An acccompanying OpenSearch UI Application is created to query and visualize the data emitted by real time analytics. To access this application, ensure you are logged in to the AWS console in your browser of choice with the created OpenSearch Admin IAM role.
- Ensure you are logged in to the AWS console with an existing administrator IAM role. This account must have the
sts:AssumeRole
permission to switch roles. - Locate the OpenSearch Admin Assume Link to assume the IAM role from the output of the deployed stack.

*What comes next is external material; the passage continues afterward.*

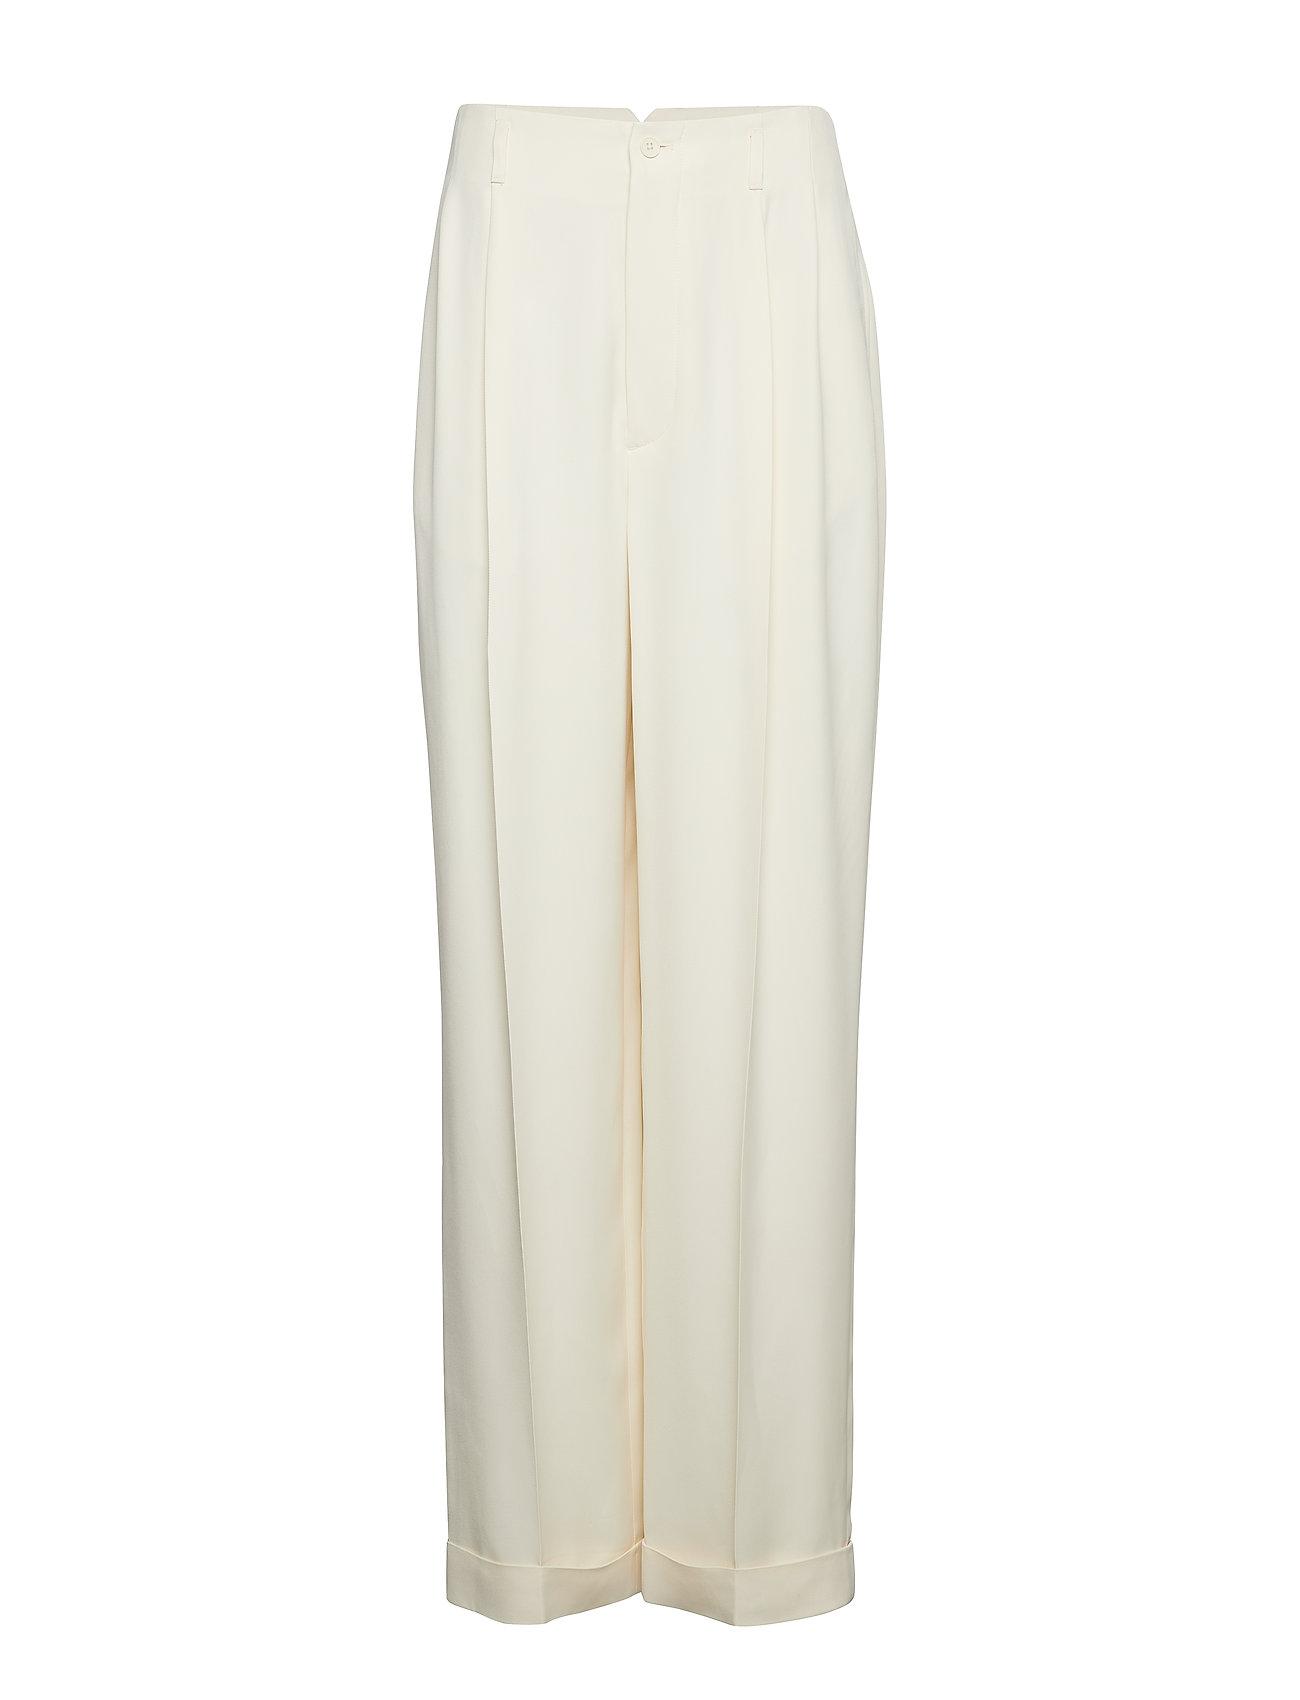 Polo Ralph Lauren Twill Wide-Leg Pant - GUIDE CREAM

- If deployed using CDK, this output is identified by
CentralizedGameAnalytics.OpenSearchAdminAssumeLink
. - If deployed using Terraform, this output is identified by
opensearch_admin_assume_link
- If deployed using CDK, this output is identified by
- Paste the link into your browser of choice, confirm the details are correct, and click Switch Role to assume the admin role. The assumed role should have the name of your configured
PROJECT_NAME
followed by-OpenSearchAdmin
. - Verify that you have assumed the admin IAM role by checking the role at the top right of the AWS console.
- Locate the OpenSearch Dashboard Link to the OpenSearch application from the output of the deployed stack.

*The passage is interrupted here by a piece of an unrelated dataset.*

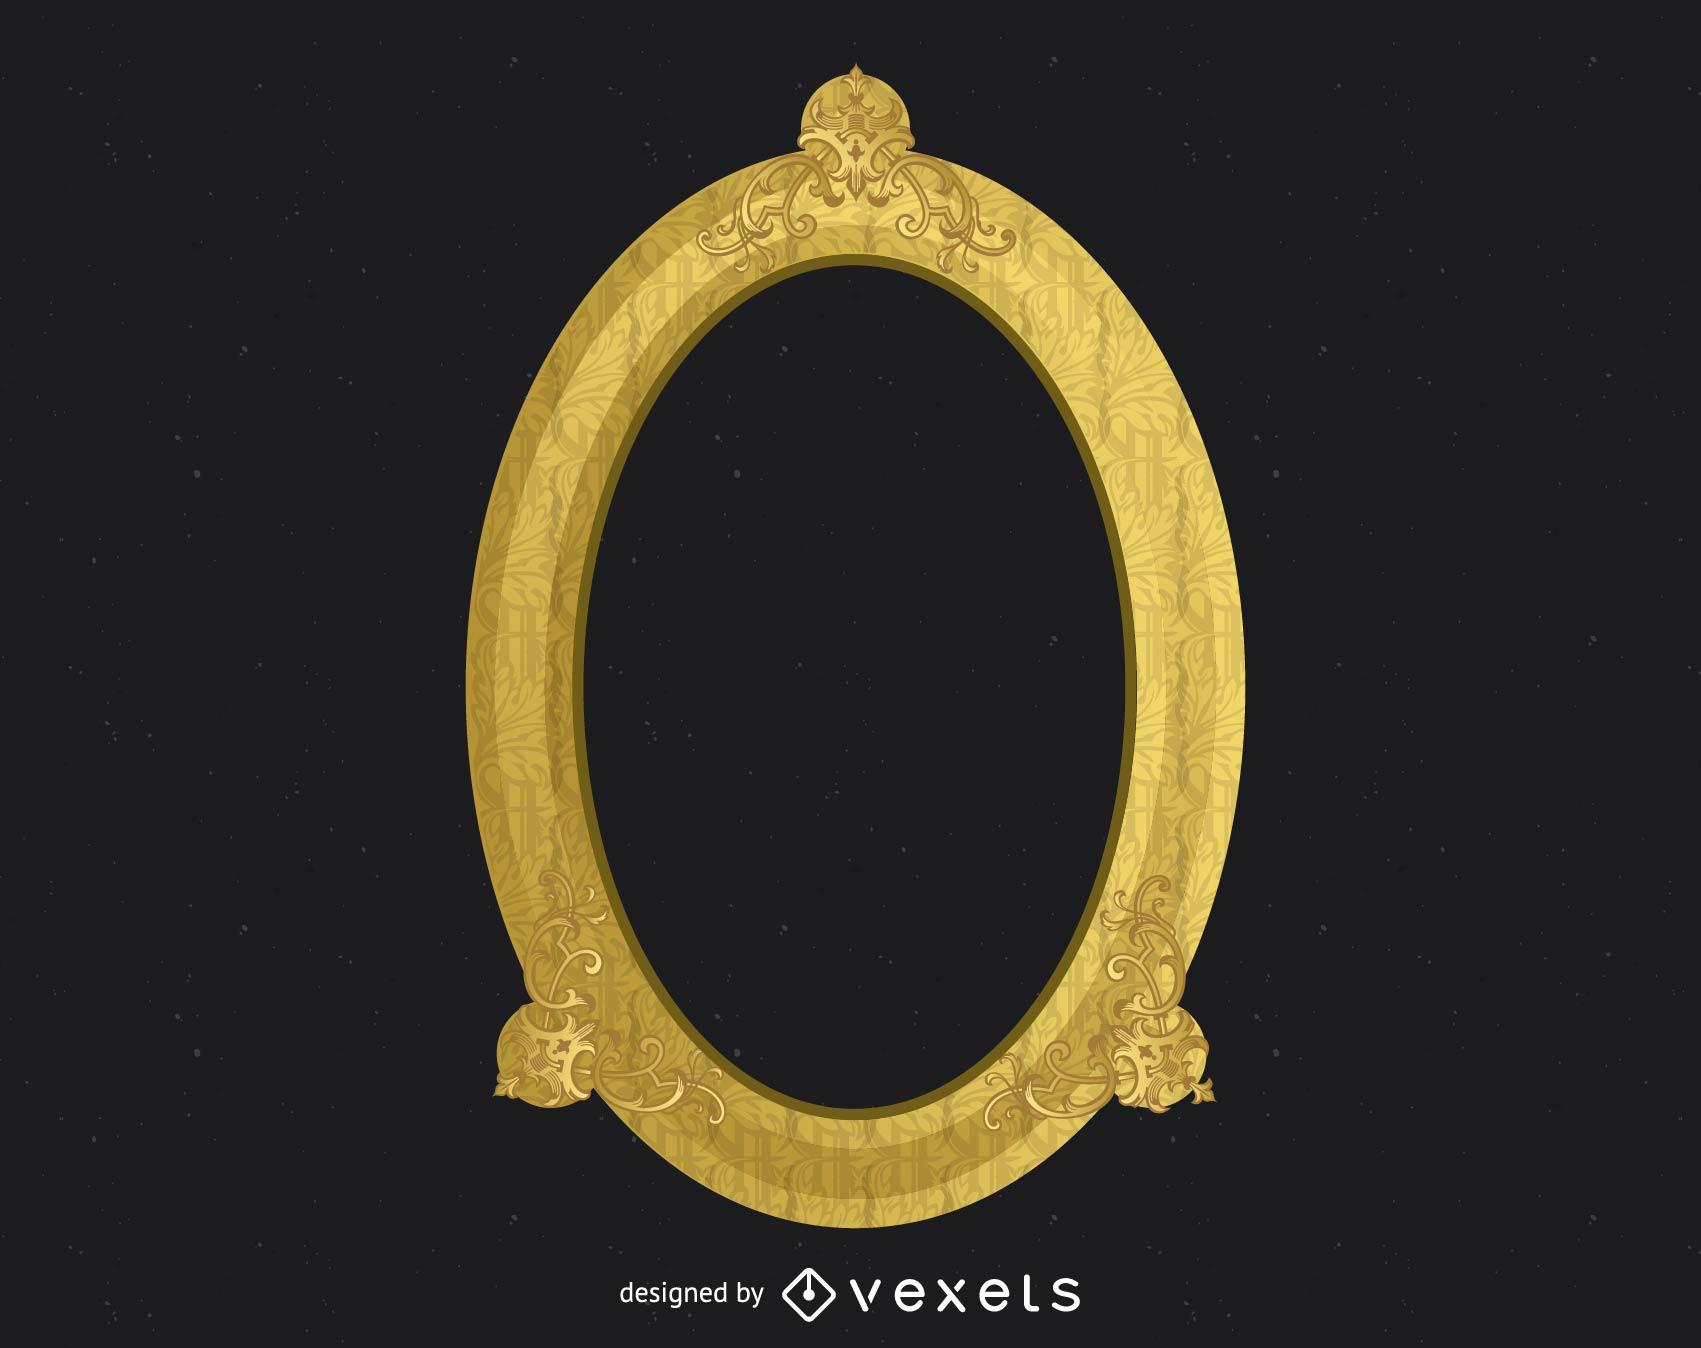 Marco dorado ornamentado antiguo

- If deployed using CDK, this output is identified by
CentralizedGameAnalytics.OpenSearchDashboardLink
. - If deployed using Terraform, this output is identified by
opensearch_dashboard_link
- If deployed using CDK, this output is identified by
- Paste the link into your browser of choice. Ensure that you are logged in to the AWS console as the OpenSearch Admin before proceeding.

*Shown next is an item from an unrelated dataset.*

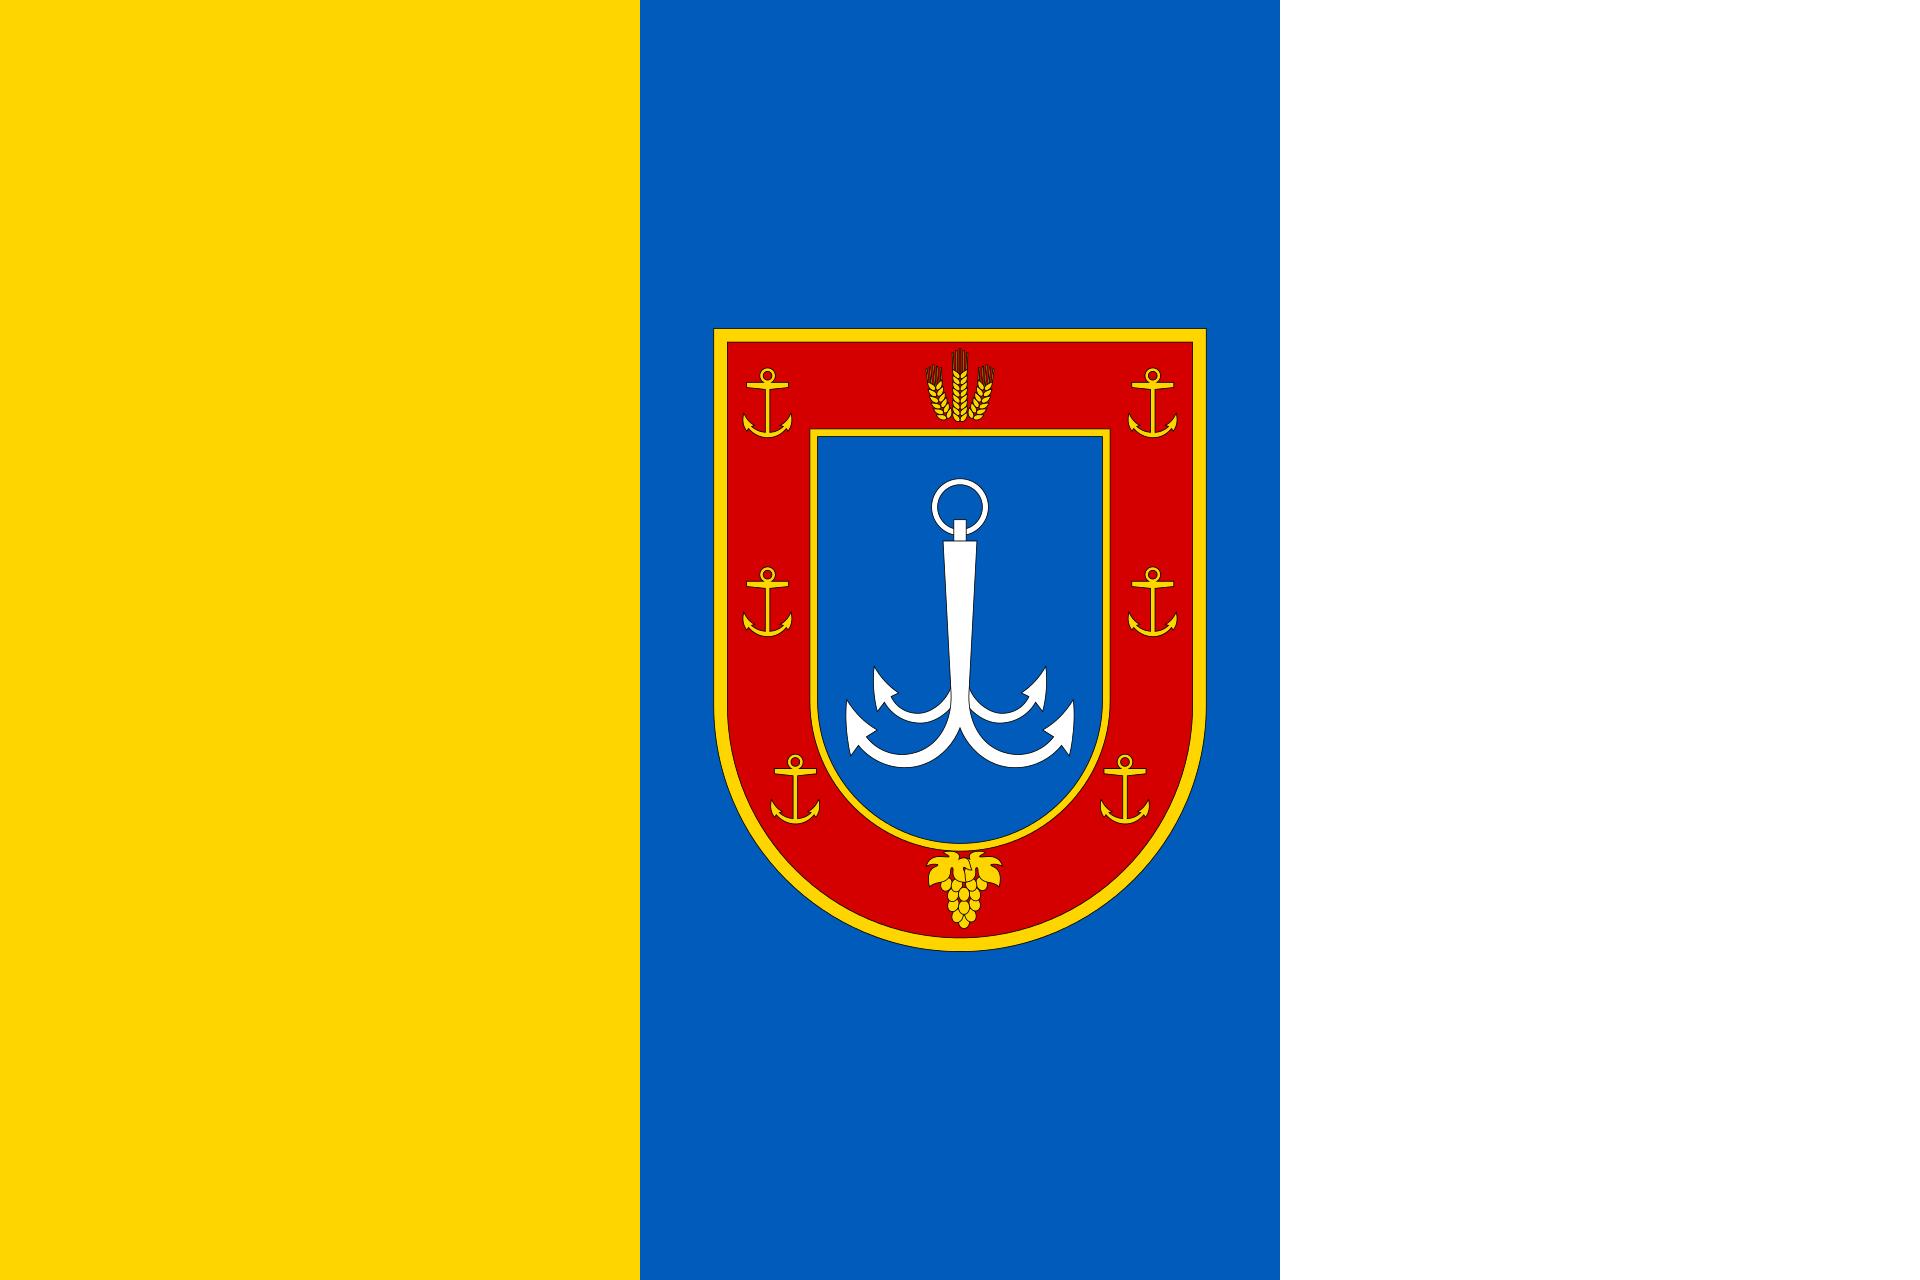 Флаг Одесской области

- On the main dashboard page, verify that you are logged in as the OpenSearch Admin by clicking on the "a" icon on the bottom right and viewing the associated role.
- On the main dashboard page, click on Create workspace under Essentials
- On the next page, provide a name and description to the workspace
- Under Associate data sources, click Associate OpenSearch data sources
- Select the Game Analytics Pipeline Metric Collection and click Associate data sources
- If needed, change the visibility of the workspace in the last section
- Click Create workspace
- On the left side, select Index patterns and click Create index pattern
- Select the associated data source and click Next
- In the field for Index pattern name, enter
game_metrics*
- Create the index pattern and verify the fields of the index
- View the raw data stored in the index by navigating to the Discover tab on the left. If there is no data shown, adjust the time window using the control at the top right.
Using the created game_metrics index pattern you can create time series visualizations of the real-time metrics.